WHAT IS BEING ASKED: Here is the task for the records below: repeat exactly the lines from the one with "b0084e6abf Nike Dri-FIT" to the one with "5 Skinny Recipe Ideas Using Greek Yogurt", both included, and nothing else.

GIVEN INFORMATION:
———

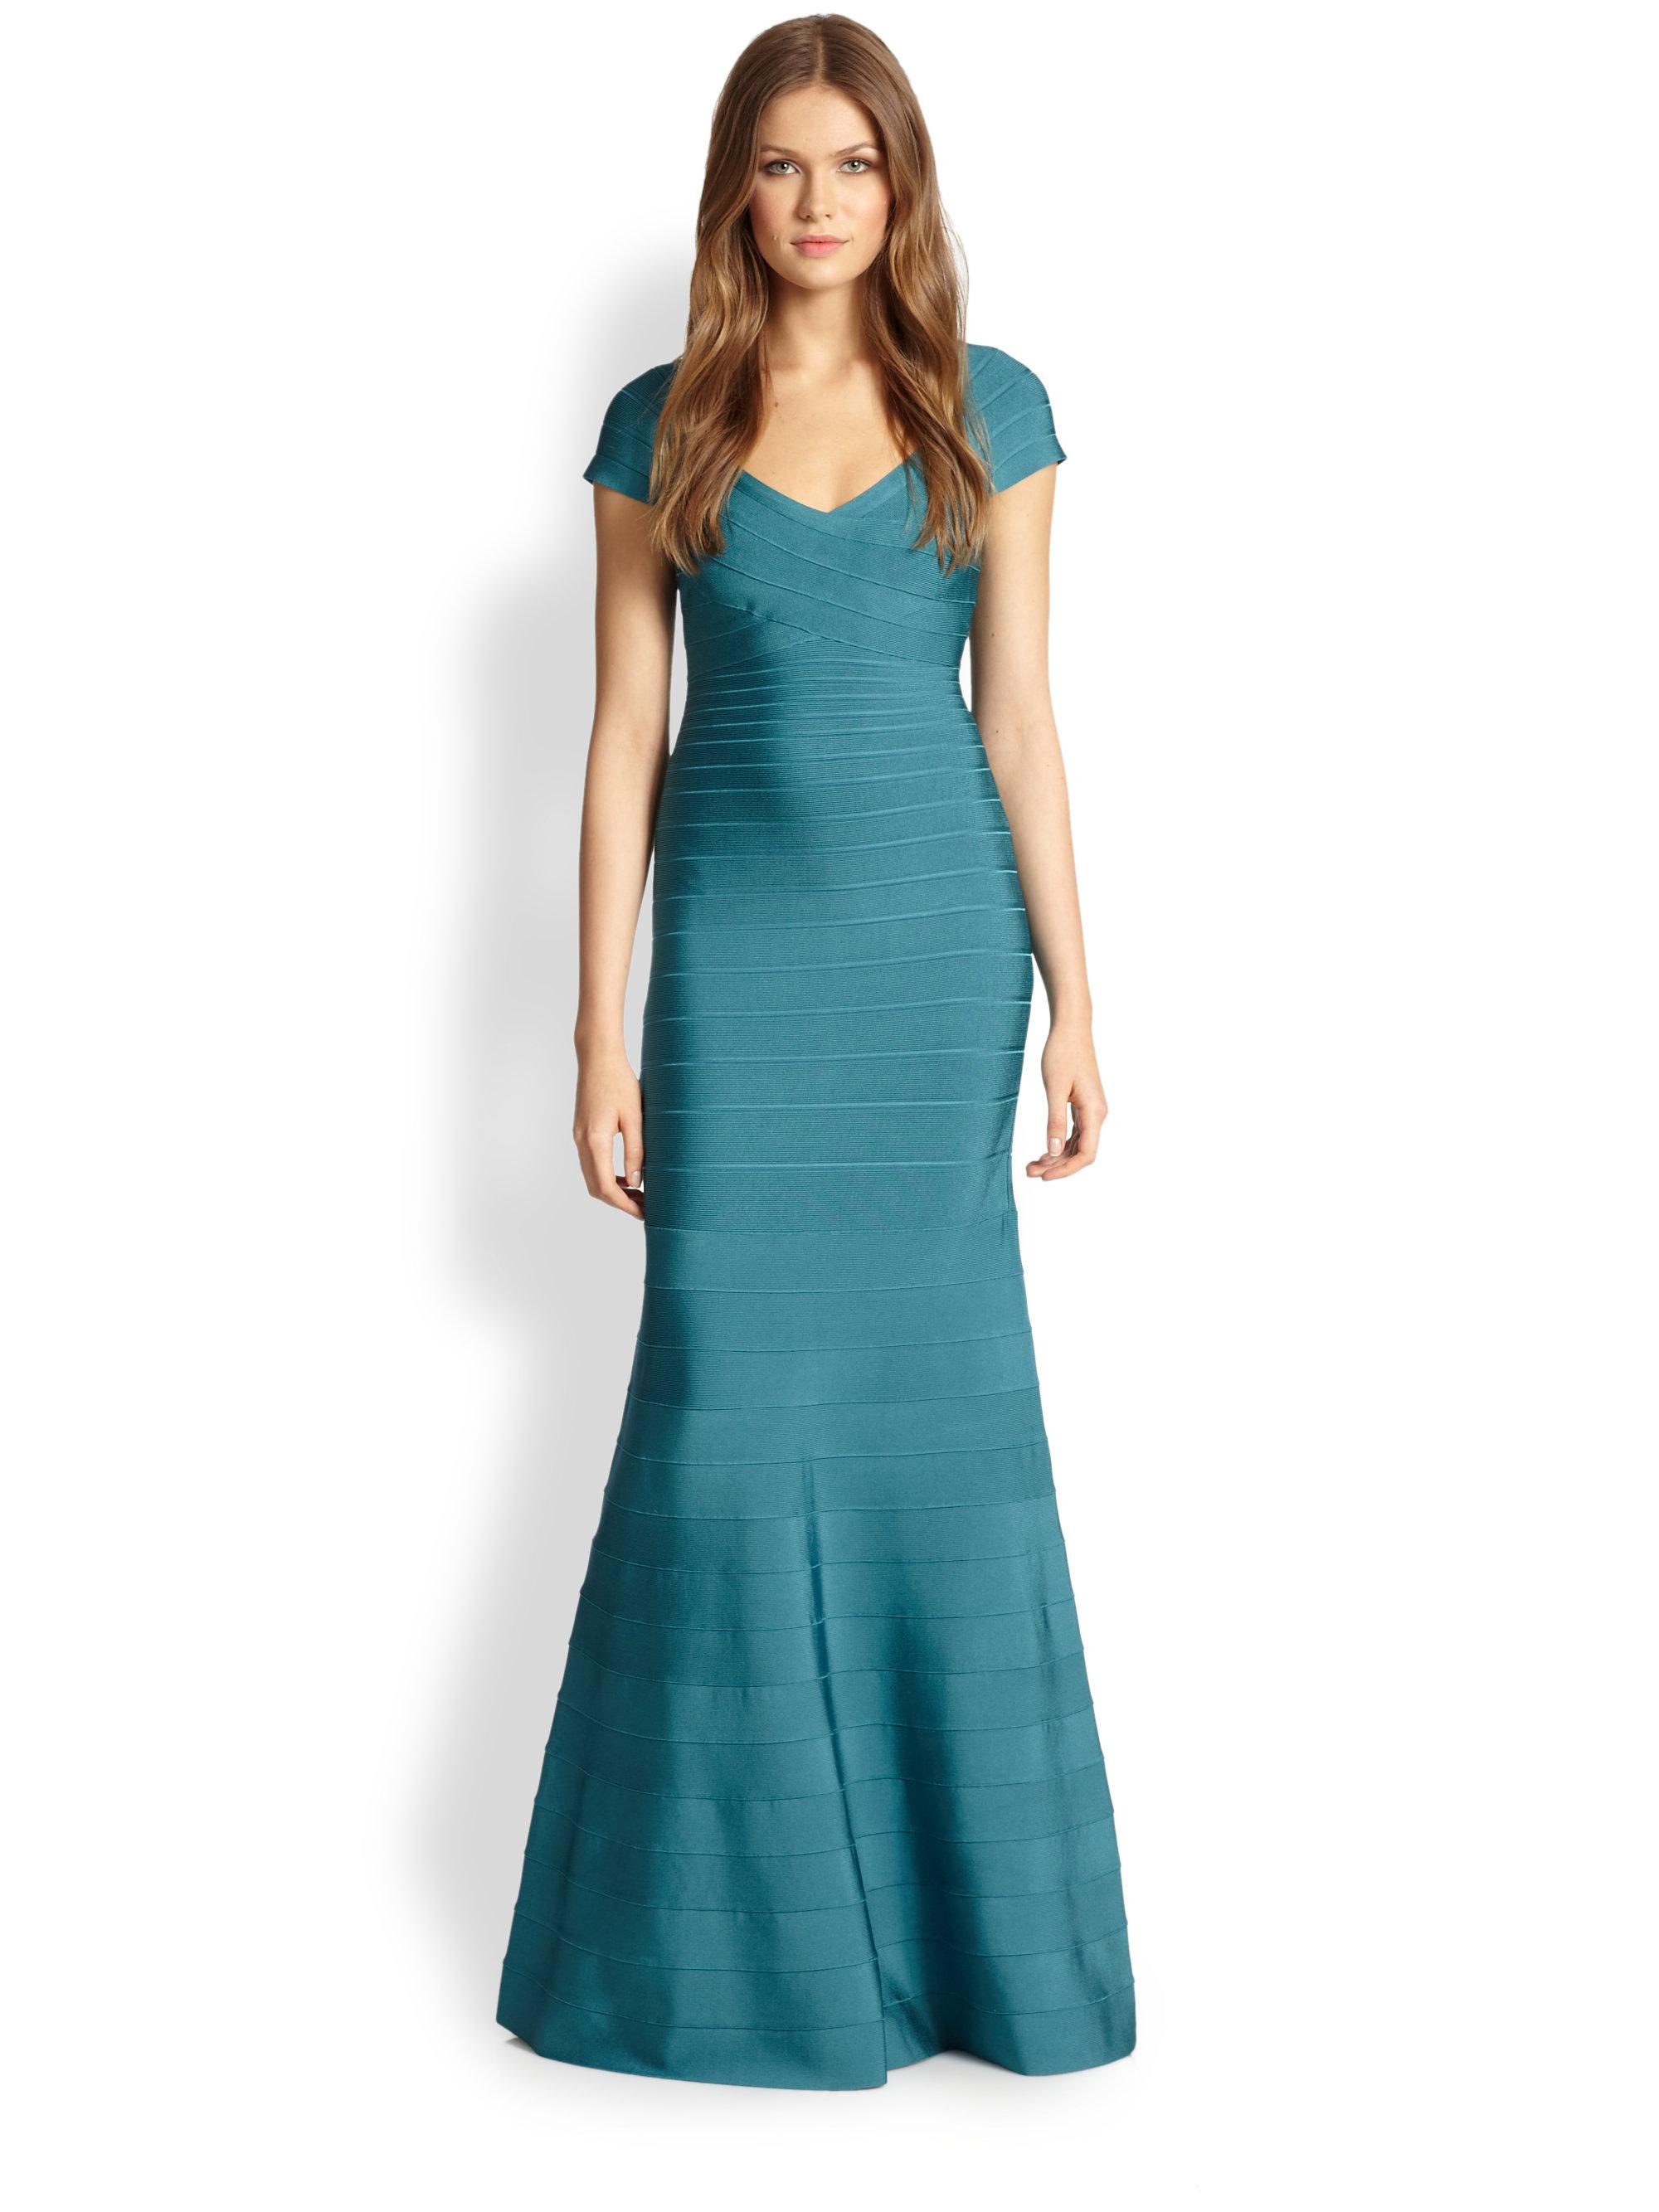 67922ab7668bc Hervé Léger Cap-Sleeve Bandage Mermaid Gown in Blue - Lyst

———

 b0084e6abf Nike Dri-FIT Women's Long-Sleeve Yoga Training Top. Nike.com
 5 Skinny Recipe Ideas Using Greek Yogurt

———

THE COMPLETED TASK:
 b0084e6abf Nike Dri-FIT Women's Long-Sleeve Yoga Training Top. Nike.com
 5 Skinny Recipe Ideas Using Greek Yogurt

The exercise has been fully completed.